Using the preceding hypothetical case as a real-life debugger issue, you should next investigate the issue using the debugger. It is intuitive that many errors are introduced with the very rough parallelization code. Looking more closely at the picture, you can see that the differences with the neighbor pixels are really high. It's time to start a data-race analysis.

Observing the Results

Imagine that you have just received from your quality assurance team a defect report pointing out the noisy image and you are not sure what is causing the problem. It could be an incorrect implementation of the algorithm or a mistake in the parallelization of the algorithm. If the underlying algorithm is wrong, the defect should be observable, whether the code is running parallel or not. The first step is to run the code with parallelism turned off — that is, to serialize the application.

Serializing the Parallel Code

With the debugger you can serialize a parallel application at the click of the Serialize button. When working on Cilk code, the debugger stops the Cilk scheduler from stealing work; for OpenMP code, the debugger sets the number of threads available in a parallel region to one.

You can serialize a parallel application three different ways:

  • By clicking the Serialize button on the debugger toolbar
  • By selecting Debug ⇒ Intel Parallel Debugger Extension ⇒ Serialize Execution
  • By using the commands (IDB-Linux only) idb set openmp-serialization on and idb set cilk-serialization on in the control window

Figure 11.3 shows the PDE-Windows toolbar with the sixth button from the left (the serialization button) pressed. The dark line around the icon indicates the serialization is active. The IDB-Linux also has a similar looking toolbar.

Figure 11.3 Parallel Debug Extension toolbar with the serialization button pressed

11.3

In the case of the Tachyon program, when you click the serialization button and the program is executed, the image is completely clean. This means two things: the program algorithm is okay, and problems exist with the parallel part of the code. Try out the serialization for yourself in Activity 11-3.
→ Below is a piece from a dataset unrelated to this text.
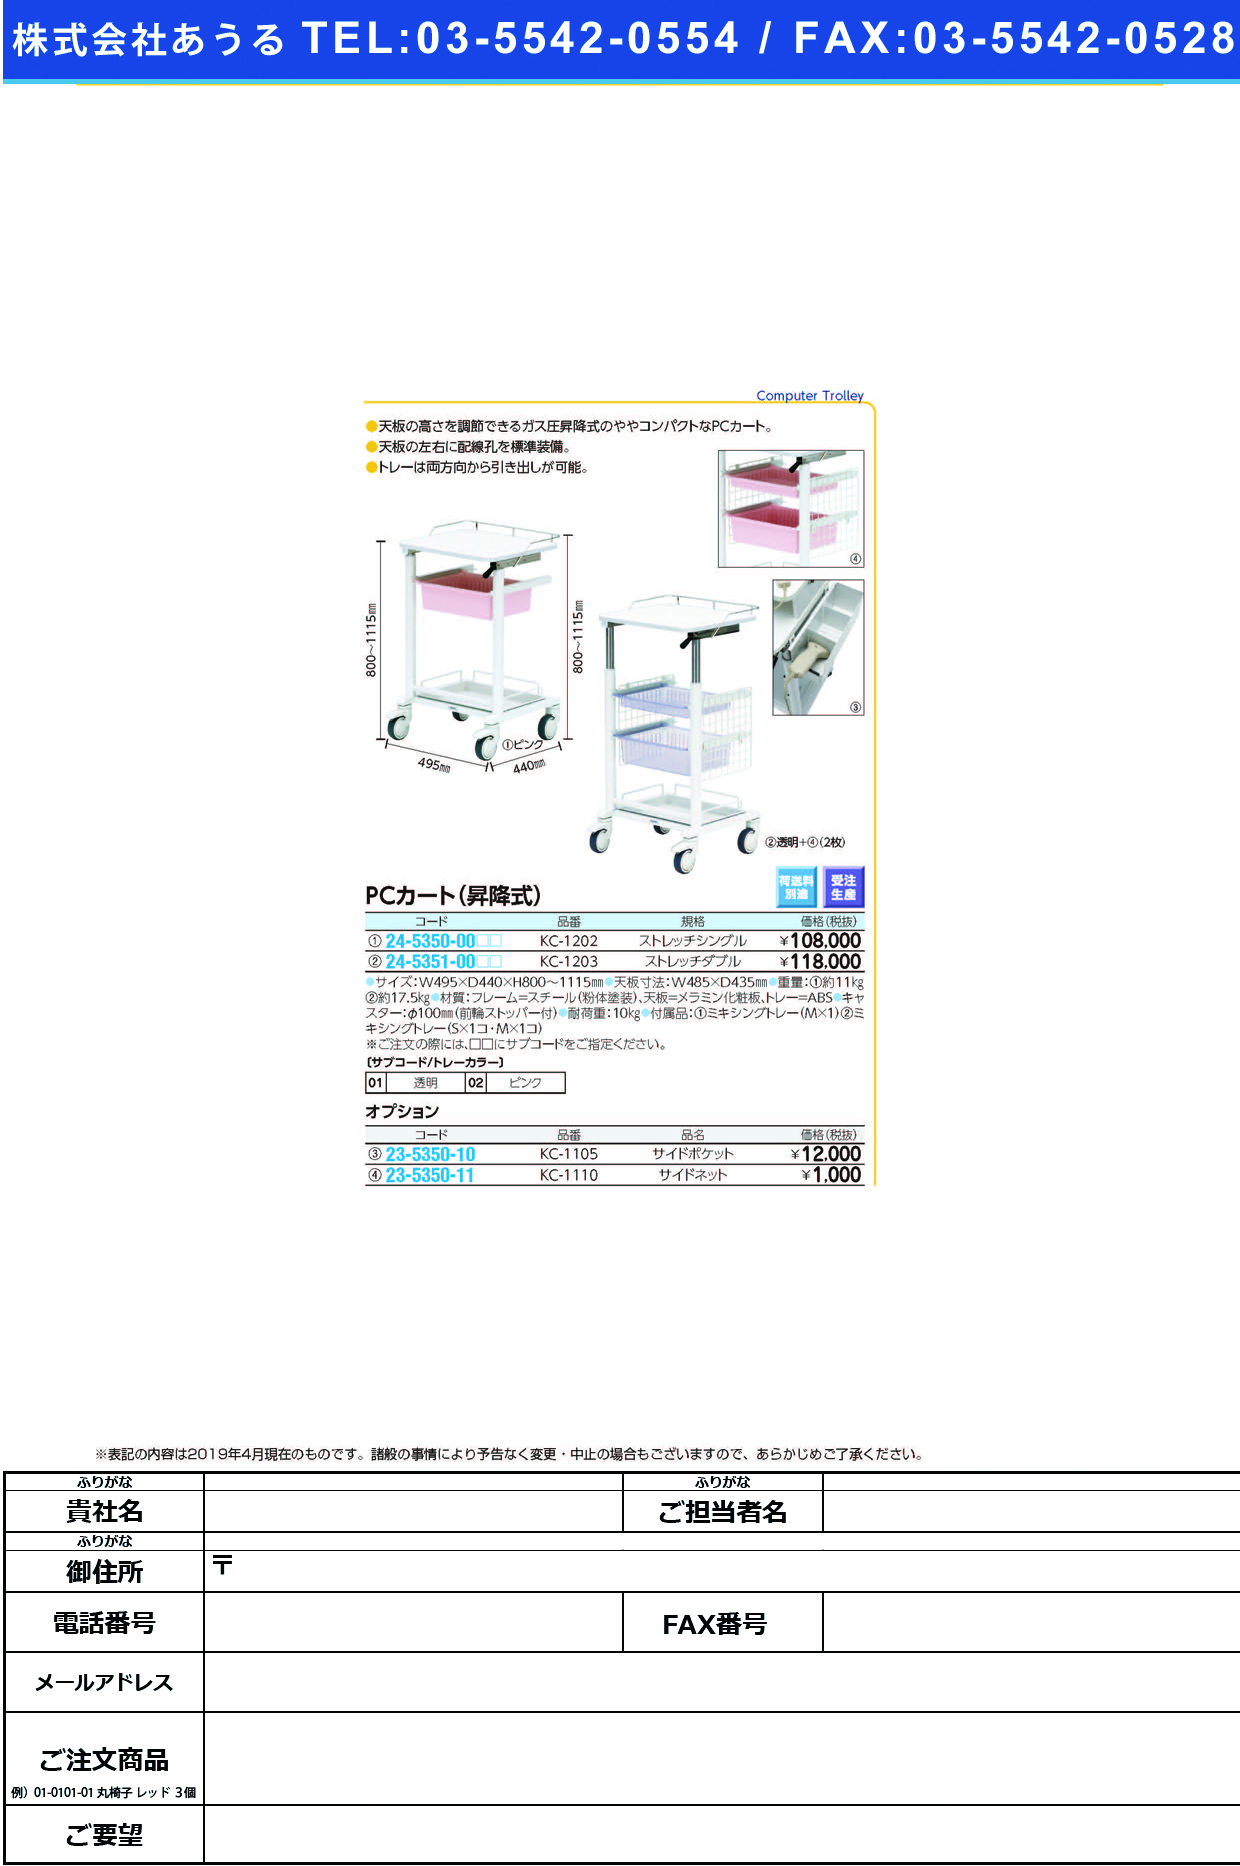 (24-5351-00)ＰＣカート（昇降式） KC-1203(ｽﾄﾚｯﾁﾀﾞﾌﾞﾙ) PCｶｰﾄ(ｼｮｳｺｳｼｷ) 透明(ケルン)【1台単位】【2019年カタログ商品】

Activity 11-3: Turning On Serialization
In this activity you use the PDE serialization button to serialize the parallel program to confirm that it runs okay when just one thread is used. Use steps 1–4 if you are using Windows, and steps 5–7 if you are using Linux.

PDE-Windows

1. Modify the tachyon_compiler solution to use the Intel compiler solution. Be sure to convert the whole solution, which contains five projects:
a. Highlight the tachyon_compiler solution in the Solution Explorer.
b. Right-click and select Intel C++ Composer XE 2011 ⇒ Use Intel C++ from the drop-down menu.
2. Build the debug version of the build_with_openmp project by selecting Build ⇒ Build build_with_openmp.
3. Click the serialization button on the toolbar. This sets the number of OpenMP threads to one.
4. Press F5 to start debugging the program. (Notice that you do not press Ctrl.) Compare the picture with the one from Activity 11-1. The picture quality should be the same.

IDB-Linux

5. Start the debugger:
idb -args tachyon.with_openmp dat/balls.dat
6. Select Parallel ⇒ Serialize Execution to enable serialization.
7. Press F5 to start debugging. Compare the picture with the one from Activity 11-1. The picture quality should be the same.

Detecting Data Races

Once you suspect that your code contains data races, whether by seeing inconsistent results or any other reason, it is time to start a data sharing analysis.

Before conducting a data sharing analysis, you need to enable two features:

  • Enable Parallel Debug Checks (in the compiler) — This option adds extra helper or instrumentation code to the application so that the debugger can handle the parallel code appropriately. It is important to apply this option to all code you are interested in. In the Tachyon example, the option should be applied to all the code; otherwise, there is a danger of missing some data races. Figure 11.4 shows enabling parallel debug checks in the compiler tab of the project properties page. This is equivalent to using the compiler option /debug::parallel (in Linux, use -debug parallel).
  • Parallel Debug Environment (required only in PDE-Windows)Figure 11.5 shows enabling the parallel debug environment in the project properties page.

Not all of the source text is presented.